I am surprised at how small amount of information I could find on this subject when surfing the web. My teacher a while back showed us a clever little quick way to find the sqaure root of a number, does anyone know how to do this?{if so, please list} Thanks.

http://math.arizona.edu/~kerl/doc/square-root.html

 

follow this URL

The link Sama posted is good.

 

If you don't mind doing some long division, I always liked the divide and average method.

 

I.e. say you were trying to find the square root of 10, and you just guessed that it was 3. Now, divide 10 by 3 and you are left with 3.333333. Average the two results and you get 3.166667. Now, use that average as your next guess. Divide 10 by 3.16667 and you get 3.1578. Average the two again and repeat. This will converge to the square root (3.1622). It isn't fun to do it all by hand, but it can be done.

 

How much work it is depends on how accurate you need the result to be.

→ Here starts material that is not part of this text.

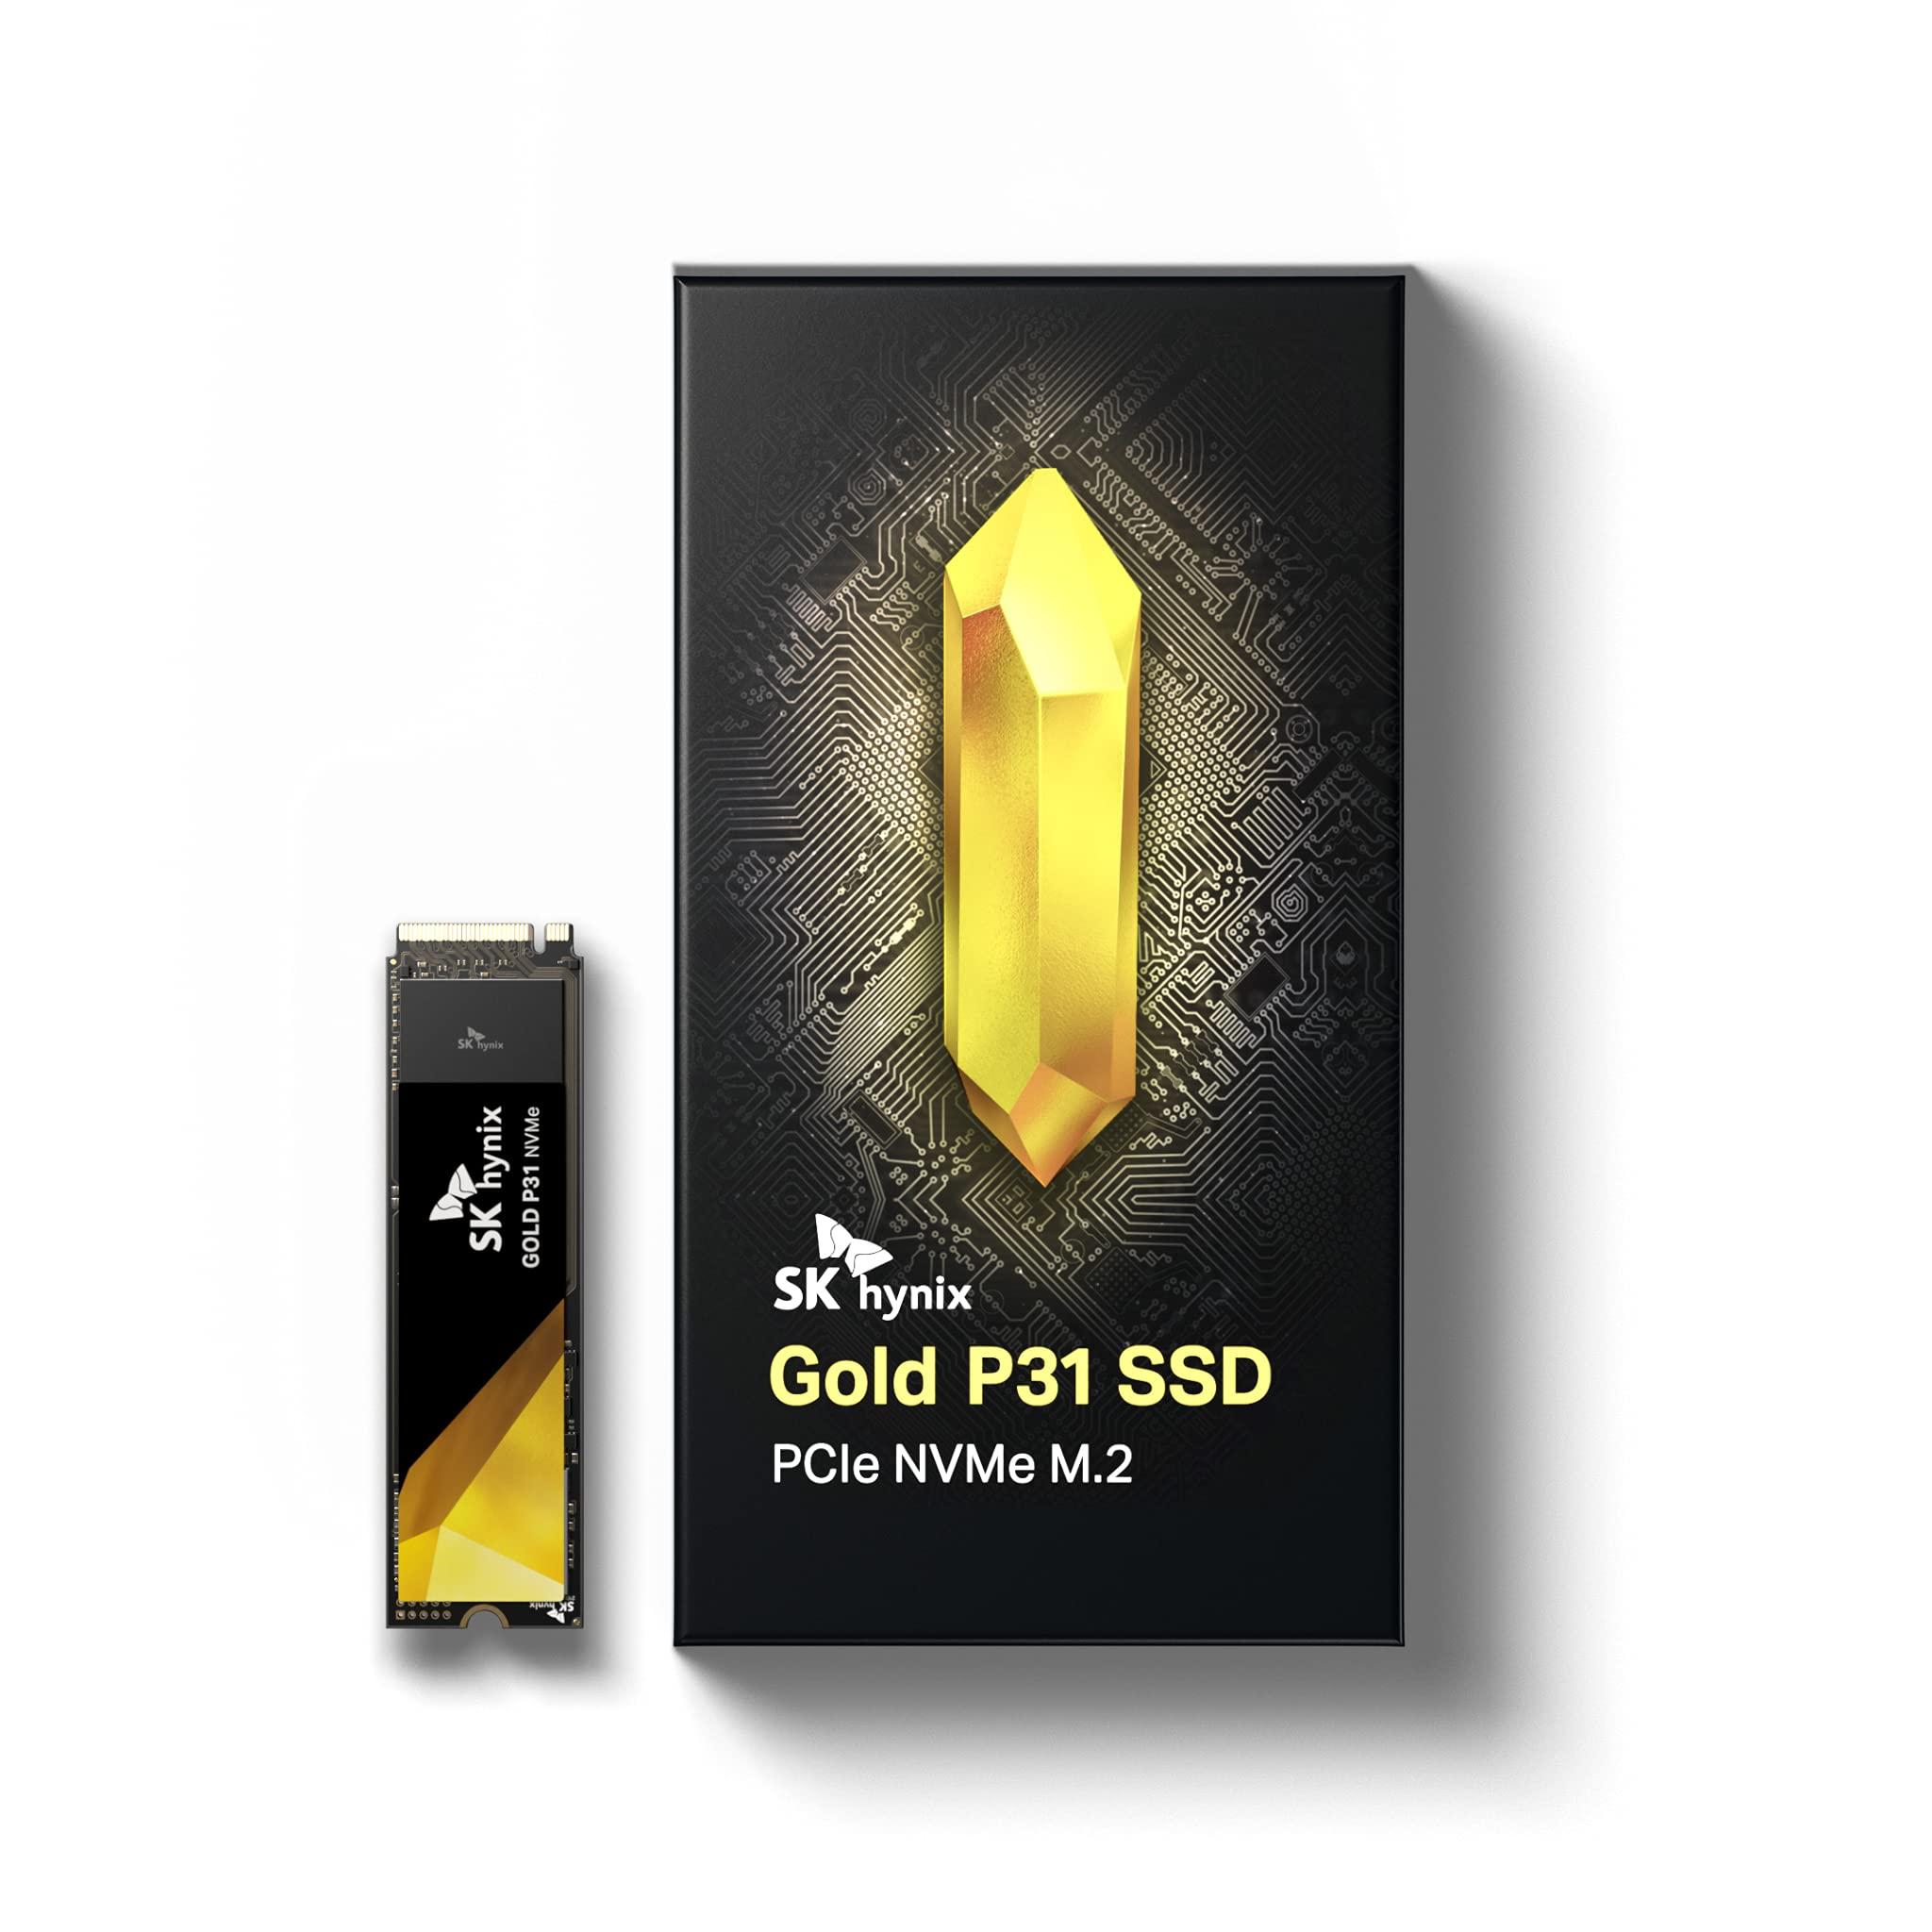 SK hynix Gold P31 2TB PCIe NVMe Gen3 M.2 2280 Internal SSD l Up to 3500MB/S l Compact M.2 SSD $245 Amazon $245

If you are feeling adventurous you could try this

 

[math] \Delta y \approx f'(x) \Delta x [/math]

 

Where

 

[math] y = f(x) = \sqrt x [/math]

 

then

 

[math] \Delta y = \sqrt {x + \Delta x } - \sqrt x = \sqrt {x + \Delta x} - y [/math]

 

so

 

[math] y + \Delta y = \sqrt { x + \Delta x } [/math]

 

now

 

[math] \Delta y \approx f'(x) \Delta x = \frac {1} {2} x ^ { - \frac {1} {2} } \Delta x = \frac {1} { 2 \sqrt x } \Delta x [/math]

 

let x = 25 because this is the nearest square root that is easily achieved mentally and [math] \Delta x = 2 [/math] because 25 + 2 = 27

 

then

 

[math] \Delta y \approx f'(x) \Delta x = \frac {1} {2 \sqrt {25} } * 2 = \frac {1} { \sqrt {25} } = \frac {1} {5} = .2 [/math]

 

thus

 

[math] \sqrt {27} = \sqrt { x + \Delta x } = y + \Delta y = \sqrt {25} + .2 = 5 + .2 = 5.2 [/math]

 

These are approximations CM..........

 

I just added this 'cause I thought it was cool when I learned it.........Calculus Bittinger!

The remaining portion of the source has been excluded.